99 Bottlenecks on the Wall
The problem with “fixing” a bottleneck is that it will always expose another. For example, maybe once the furnace is operating at near peak efficiency, it turns out that the milling machines can’t actually produce gears fast enough to keep the furnace full. When you fix one performance part of your program, the bottleneck will move and you’ll need to fix another. Today it may be SQL execution time; maybe tomorrow it’s view rendering.
That might sound super discouraging, but I don’t think it is. Performance tuning is not some magical art. It’s a process.
When you’re done with the process, you start the process over again. You start with a goal and state what you want to achieve. It could be “I want more throughput” or “I want lower response times.” You then benchmark to understand your program.
Once you understand the happy paths and edge cases, you can start looking for bottlenecks. When you eliminate or optimize a bottleneck, you’ll see progress toward your goal. If you’ve hit your goal, stop. If not, start the process over again. There’s another bottleneck somewhere in there just waiting for you to find it.
It’s easy to get stuck and not know where to go next. In the above stories, we stated the resources and simplified them. In programming and life, it’s never quite so easy. Maybe you can’t figure out how to benchmark something, or maybe you found the slow part but don’t know how to optimize it. Sometimes it’s already optimized, and you need to move on to something else. This all sounds scary, but it’s not as bad if you break it down.
Benchmarking is a skill like any other. You can find blog posts, book, and other materials on it.

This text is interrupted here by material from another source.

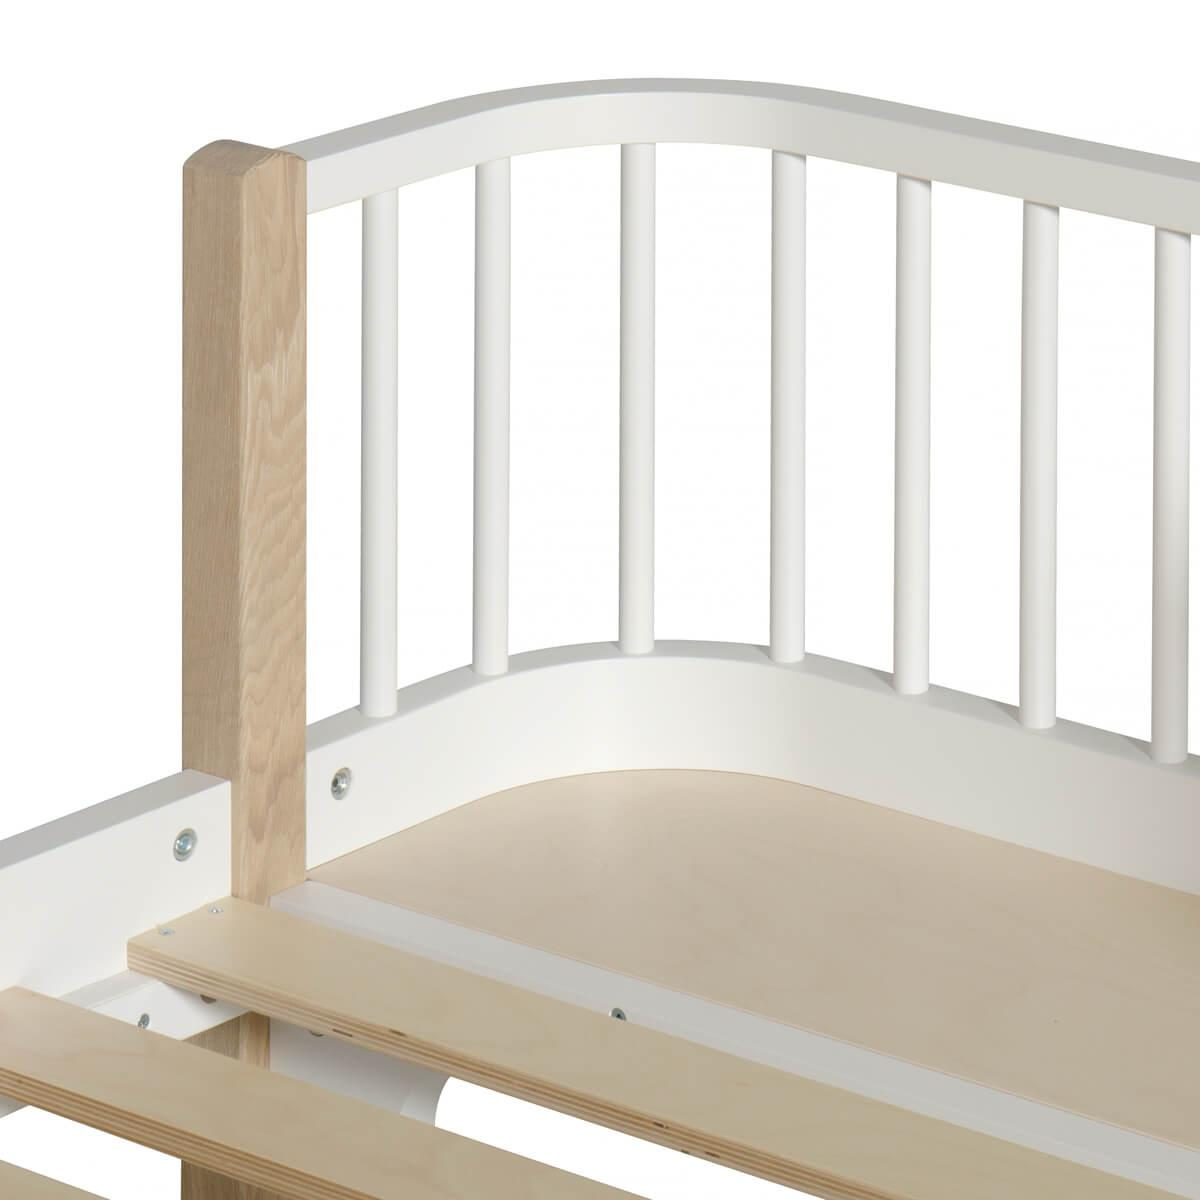 Lit bas évolutif 90x200cm WOOD ORIGINAL Oliver Furniture blanc-chêne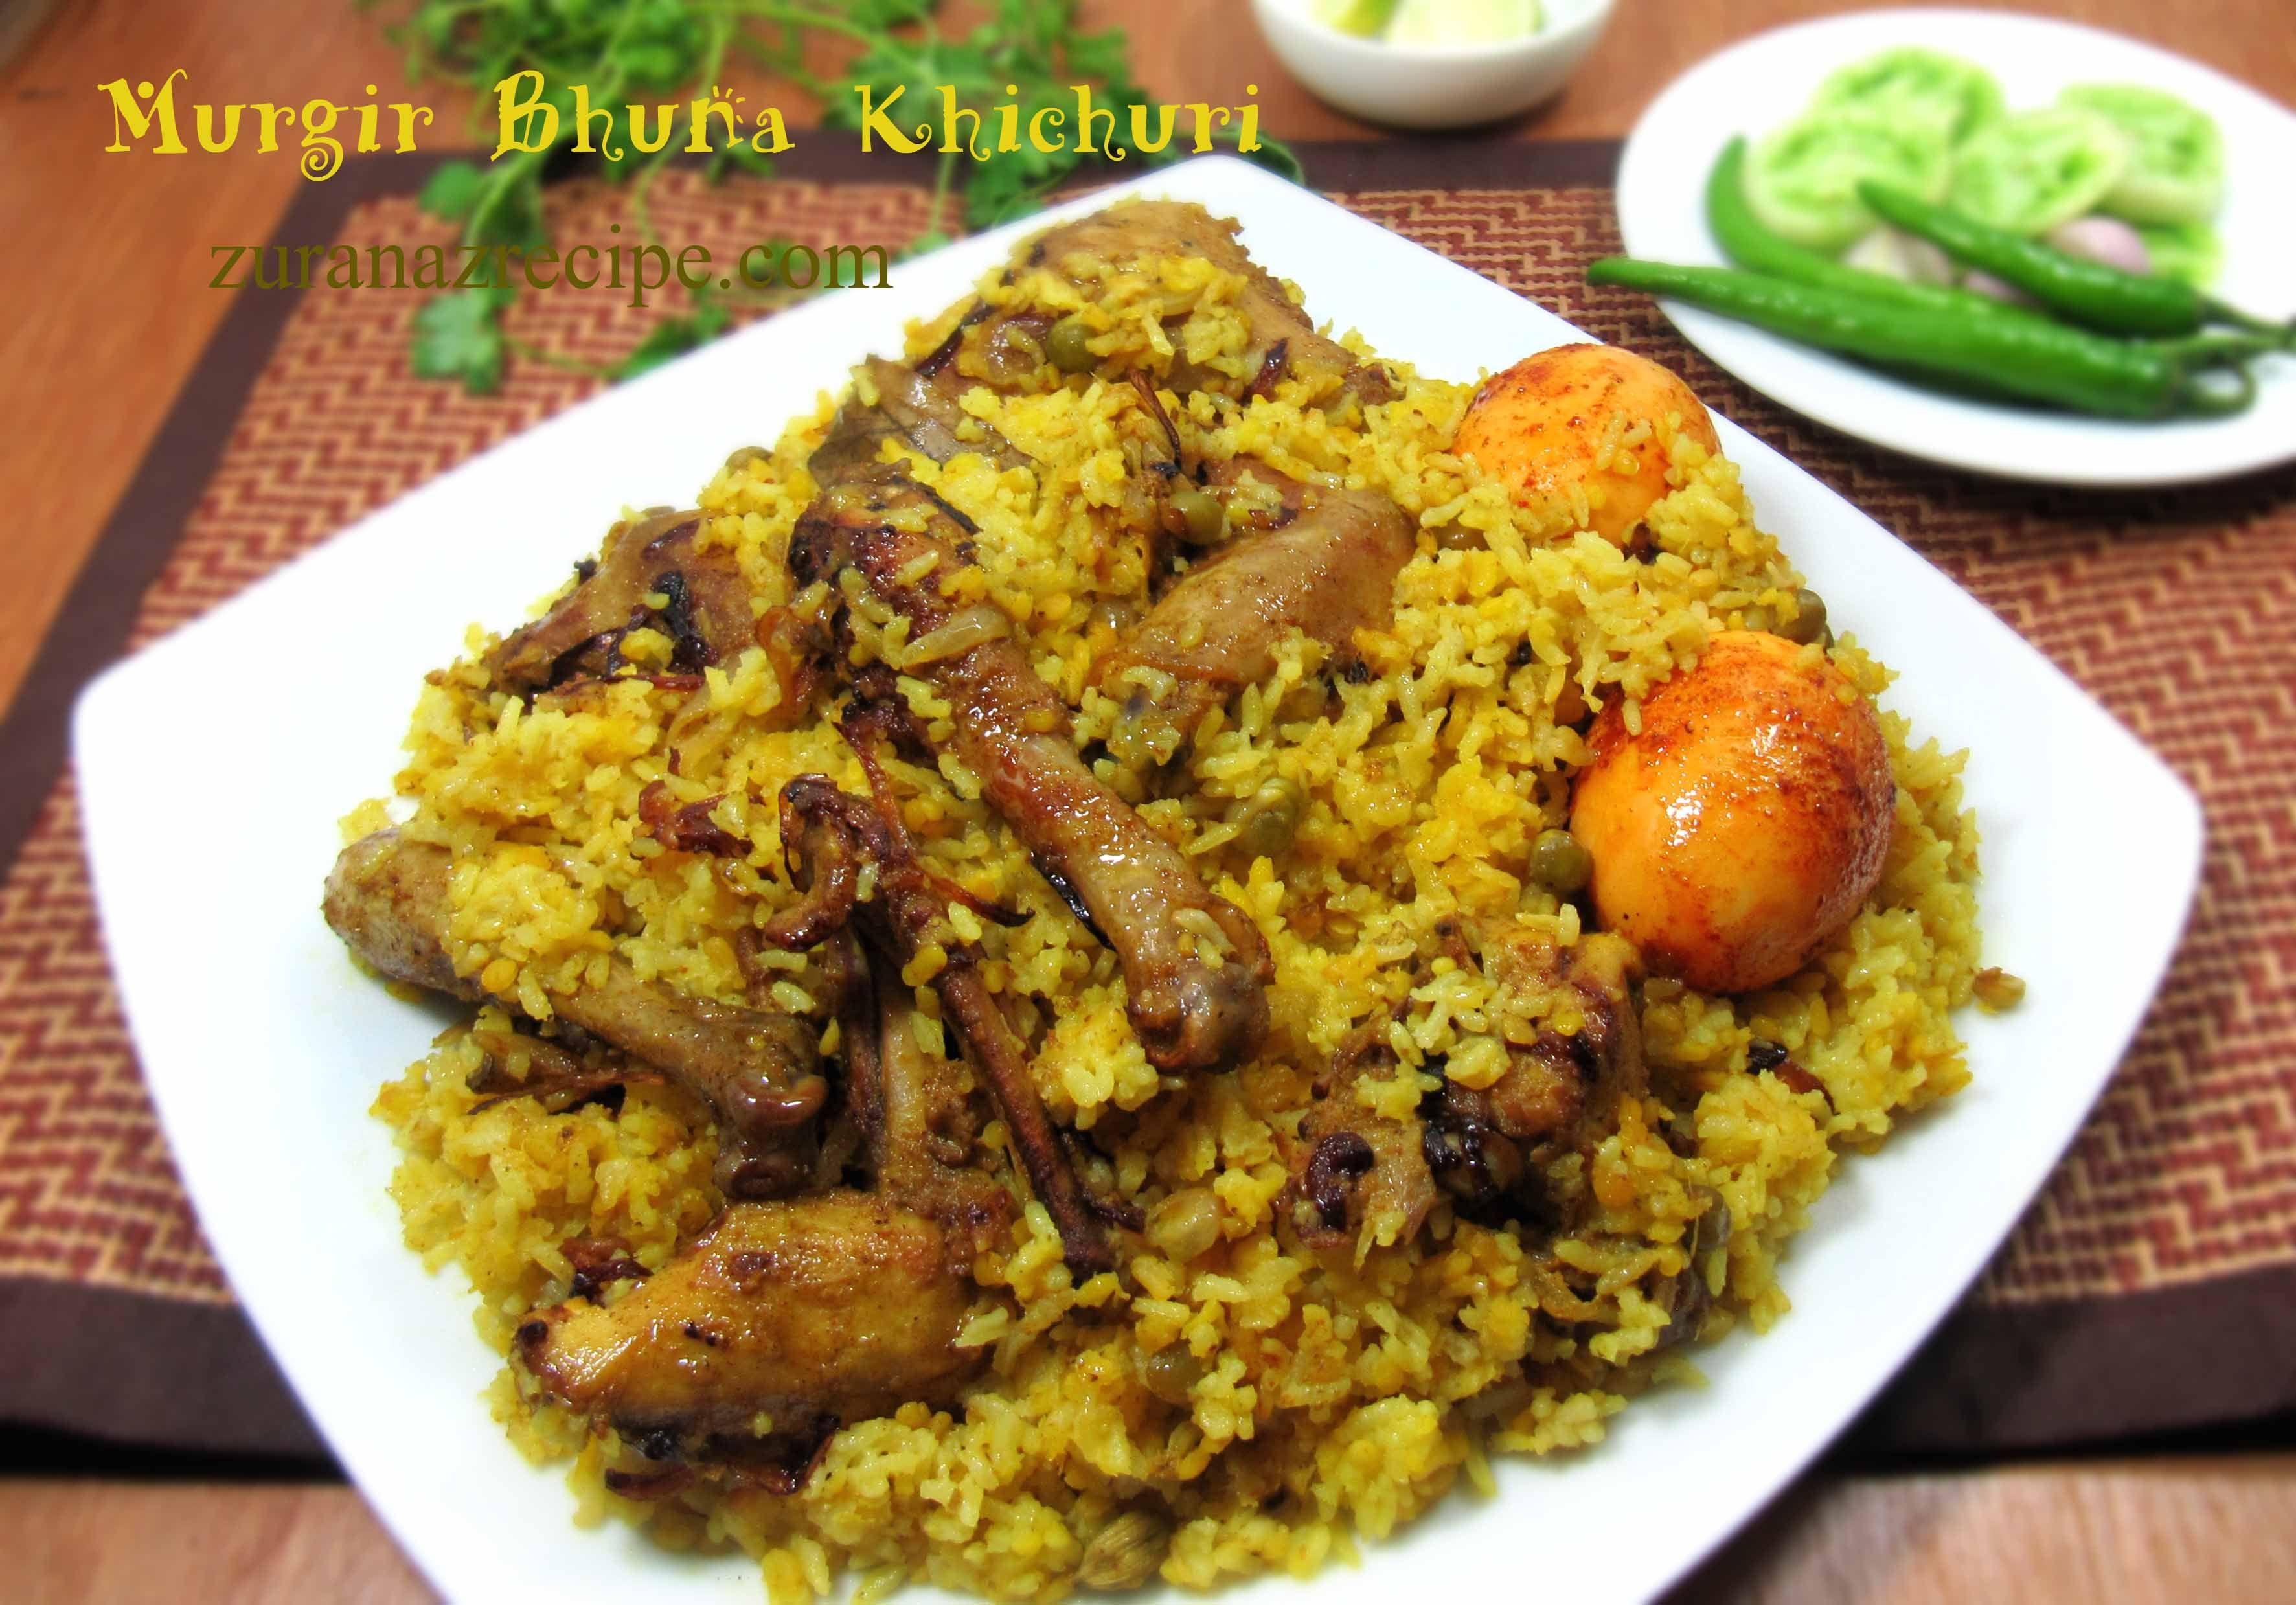 bfeba7deaae4d Murgir Bhuna Khichuri Chicken Khichuri

If you don’t know where to start, find someone who’s doing performance tuning and look at how they do it. Copy their benchmarking techniques until you find other better practices.
Once you’re comfortable benchmarking, the same learning path applies to optimizing. Find pull requests where people are doing performance work. Why is it faster? What are they talking about in the PR? If you don’t understand it, pull in a co-worker or a friend and take turns trying to explain it to each other.
If you’re at this stage, your goal is to learn how to benchmark and learn how to trade resources effectively for speed. If you’re getting started, the bottleneck to making your code faster is your own learning curve. That’s okay though; there’s a recipe for that. Make a goal, take measurements, fix the bottleneck, then repeat.